Salesforce, which has considerable skin in the wearables game, is out with a survey today showing that enterprises are trying out wearables for workplace security, employee time management, and real-time communication. Coming soon, the company says, are pilot projects in business analytics and field service.
Salesforce surveyed about 1,500 companies; of those, 500 said they were either using wearables or planning to use them. Of those, 79 percent said wearables in the enterprise were “strategic,” (the other 21 percent are presumably just messing around) and 86 percent said they would increase their spend over the next year.

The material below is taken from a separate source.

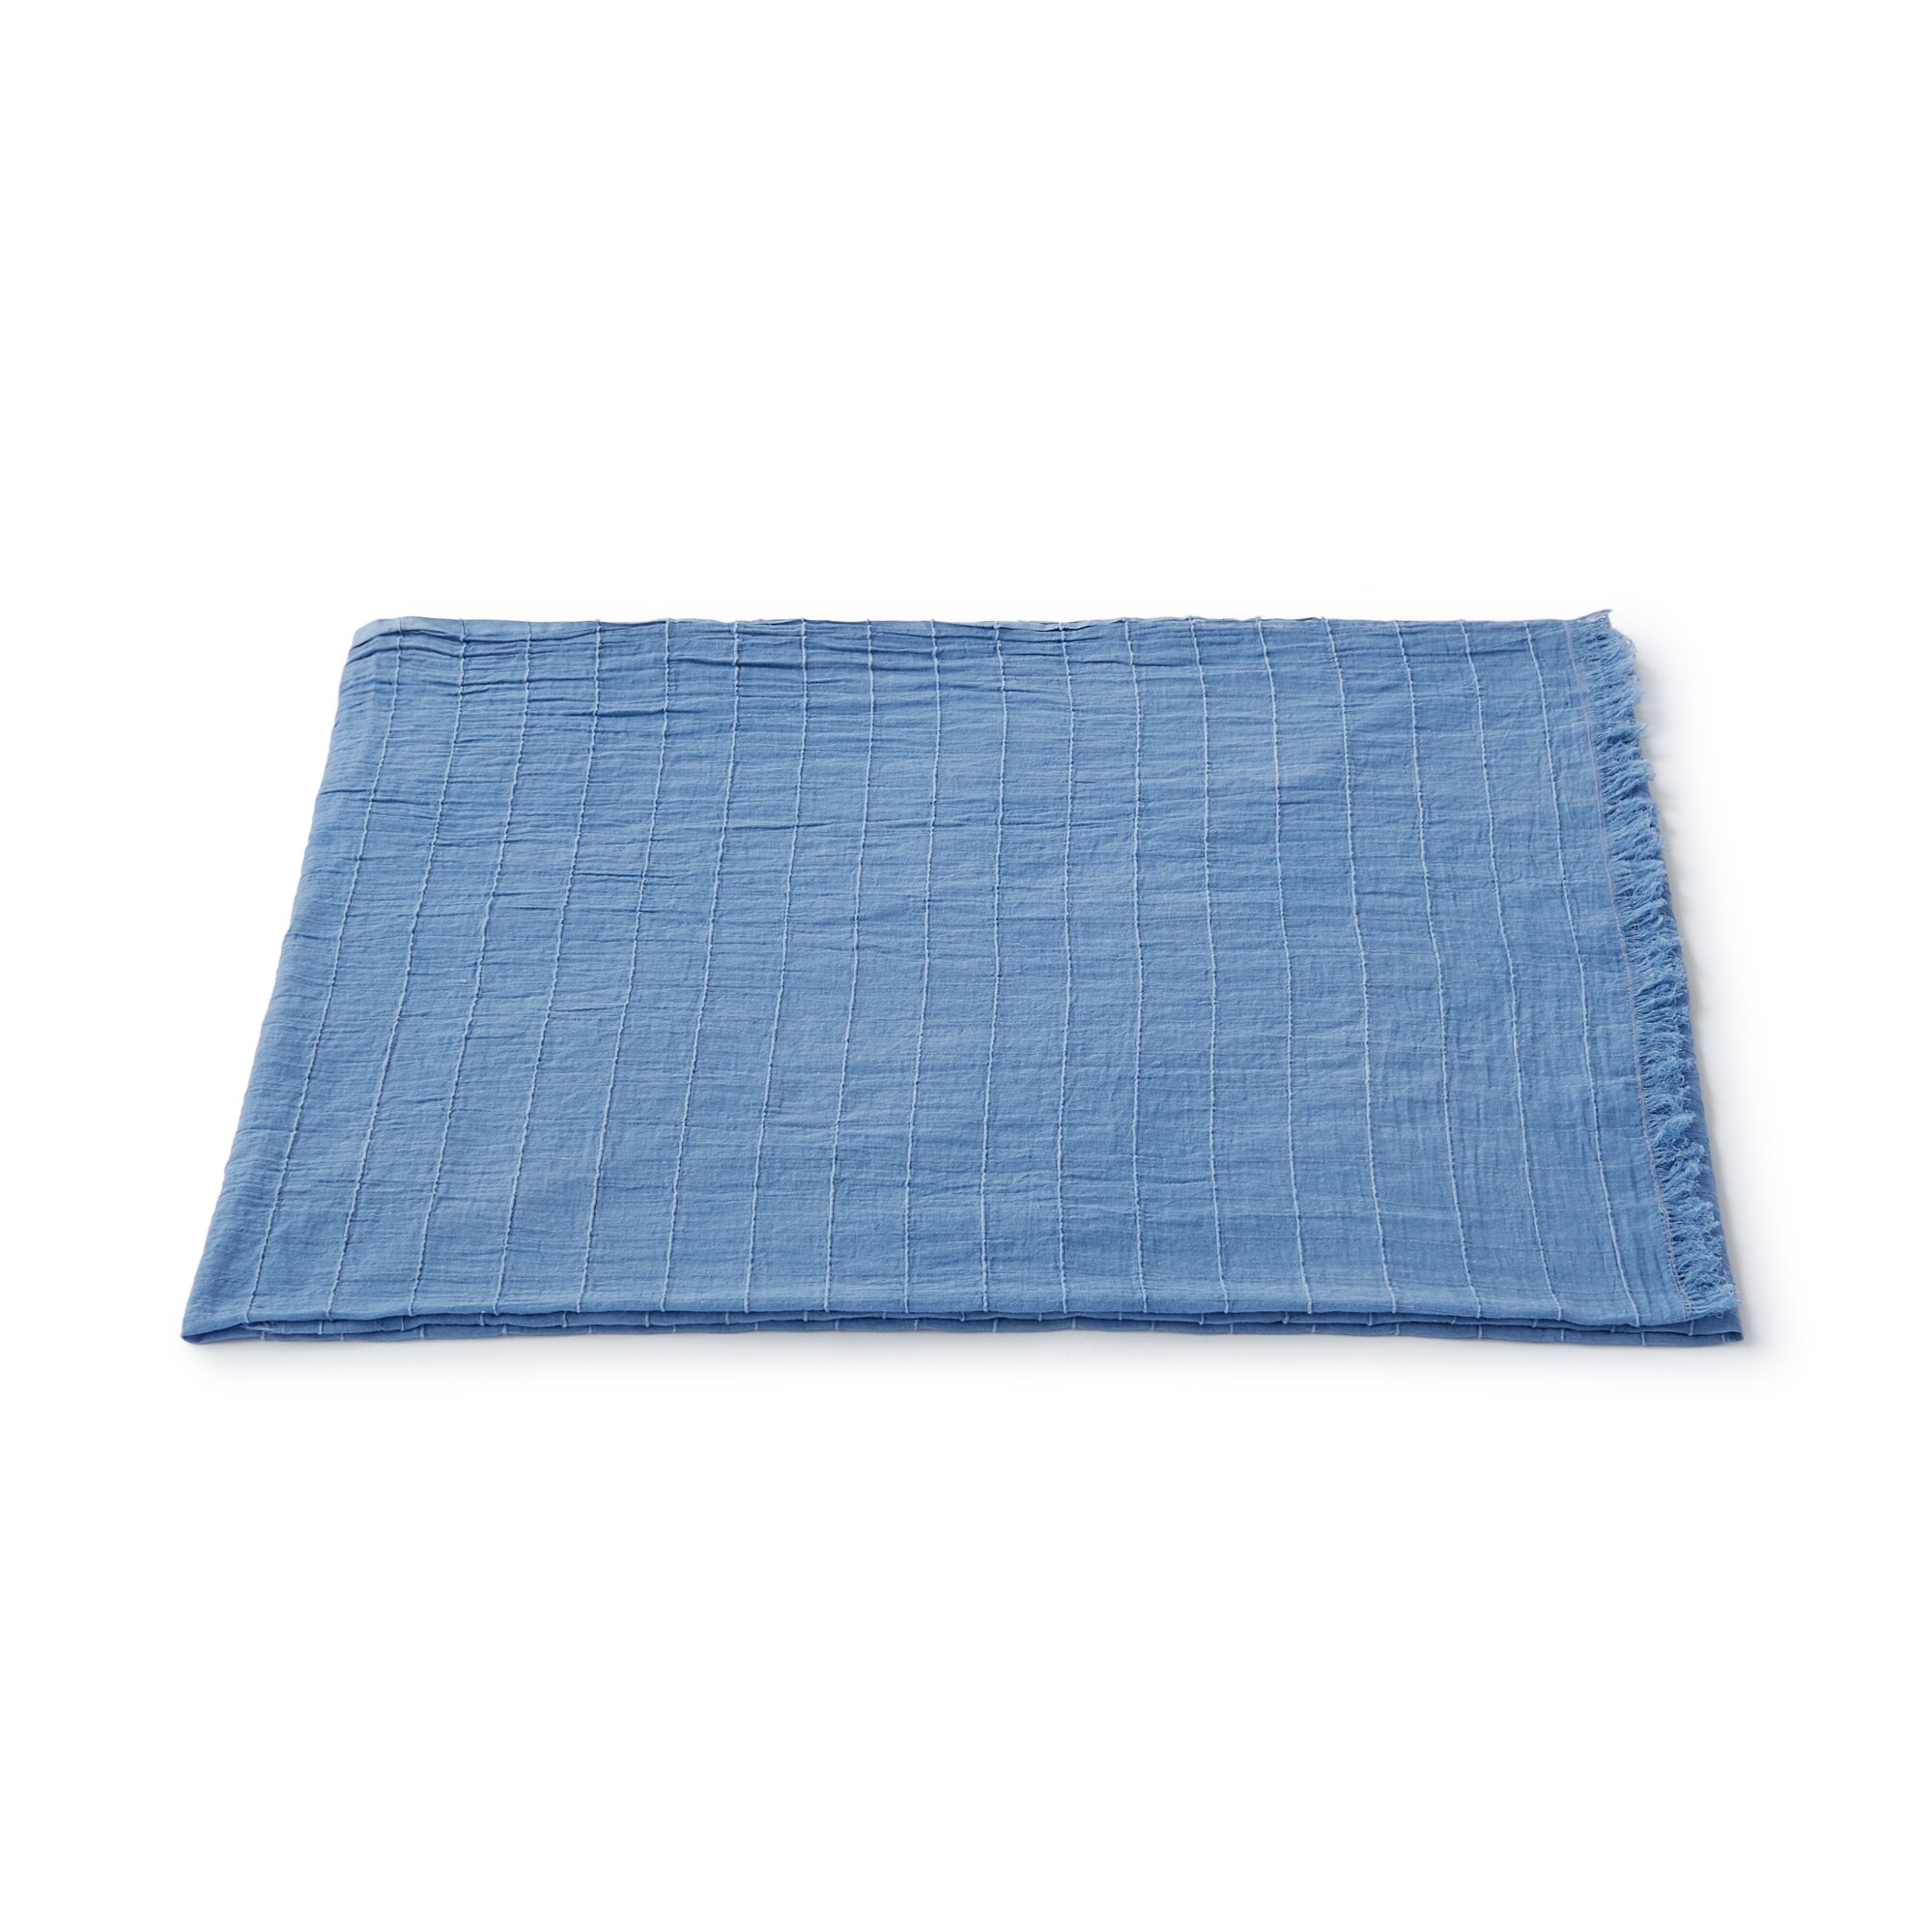 무인양품 일본 거실 담요 블랭킷 숄 180x100 블루 체크

Today, the company’s research said, enterprises are trying lots of things in more or less equal proportion: tracking workplace productivity, giving real-time access to customer data, providing hands-free instruction for field service or training for remote workers, augmented reality, and monitoring biometric vitals. But the future interest is narrowly tracking toward technologies that will improve customer experiences: access to customer data, analytics, field service data, and remote training.
When asked about equipment, about half the respondents said that smart watches would have the largest impact on enterprises (40 percent), followed by digital bands or lanyards like the Nymi authentication bracelet (37 percent), smart glasses (36 percent). Fitness bands, smart cameras, and next-gen earbuds each were named by roughly a third of the survey pool.
A major remaining challenge is the collection of information by wearables. Visors and wristwear are good at presenting information, but less good at gathering and transmitting it. Of those surveyed, 23 percent said data collection and aggregation is major challenge, and just 8 percent said they were fully ready to take action of data gathered by wearables.